Where do we go from here?
Social media now plays an unprecedented role in societal stability, and regulation must be updated to keep up with the fact that, according to Ofcom, half of UK adults use such platforms as a news source.
That is why Demos and Full Fact are calling for platforms to assess and tackle the systemic risks posed by harmful mis/disinformation to public security. First, through the introduction of a ‘Fast Notes’ system that would allow high-risk content to be flagged and responded to quickly, rather than waiting for slow consensus. And secondly, through urgently strengthening removal systems for racial and religious hatred.
Recent disorder in Epping shows how urgent the need for effective platform moderation is, particularly as the Community Notes model sees increasing adoption by other social media giants, now including YouTube, Meta and TikTok in the US.

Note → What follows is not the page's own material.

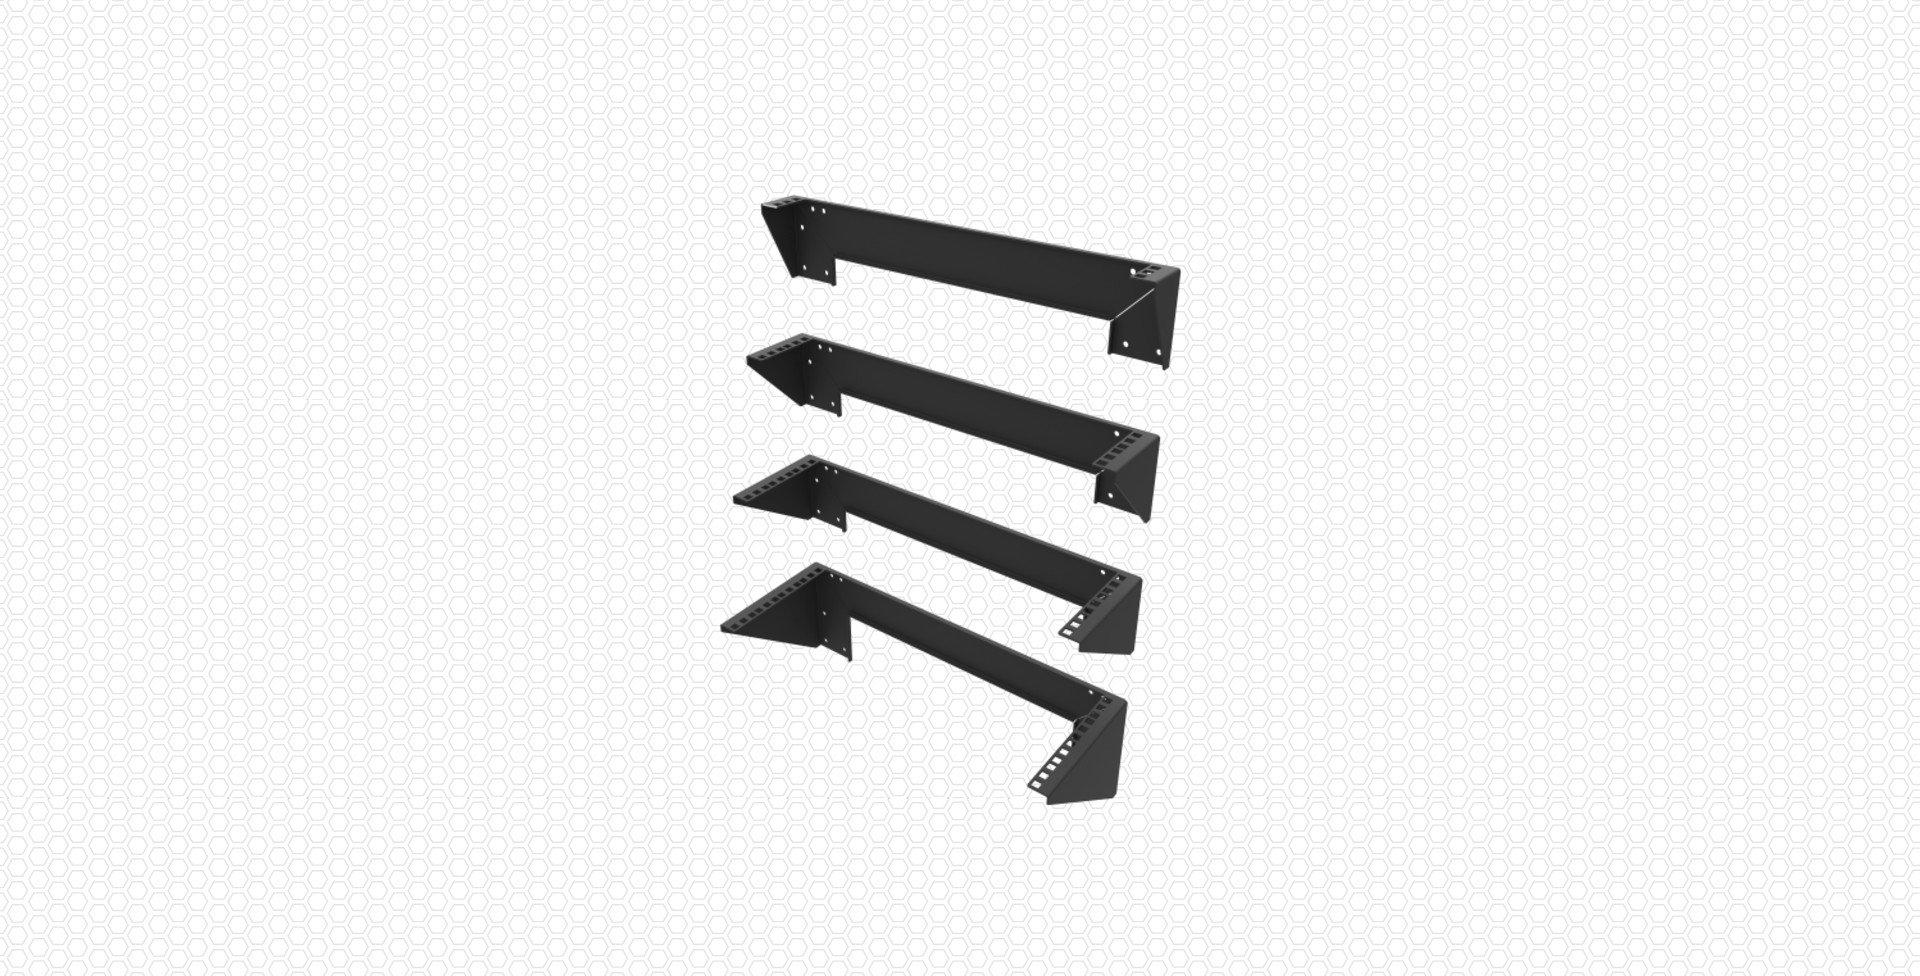 Vertical Wall Mount Rack Bracket: The perfect rack for a small business

We cannot compromise on anti-racism, whether in the real or digital world. This push has to go hand in hand with greater work on anti-racism that must start at the political level. For example, the newly formed Community Cohesion Commission, announced earlier this summer, could be a turning point. But it must act quickly and transparently, sharing regular updates of their work and progress. Tackling division means addressing racism head-on both in our communities and in the political narratives that sustain it.
We must be clear – online harm is a public safety issue. And unless we take real action across tech and politics, we risk seeing more riots, more division, and more citizens’ safety put at risk.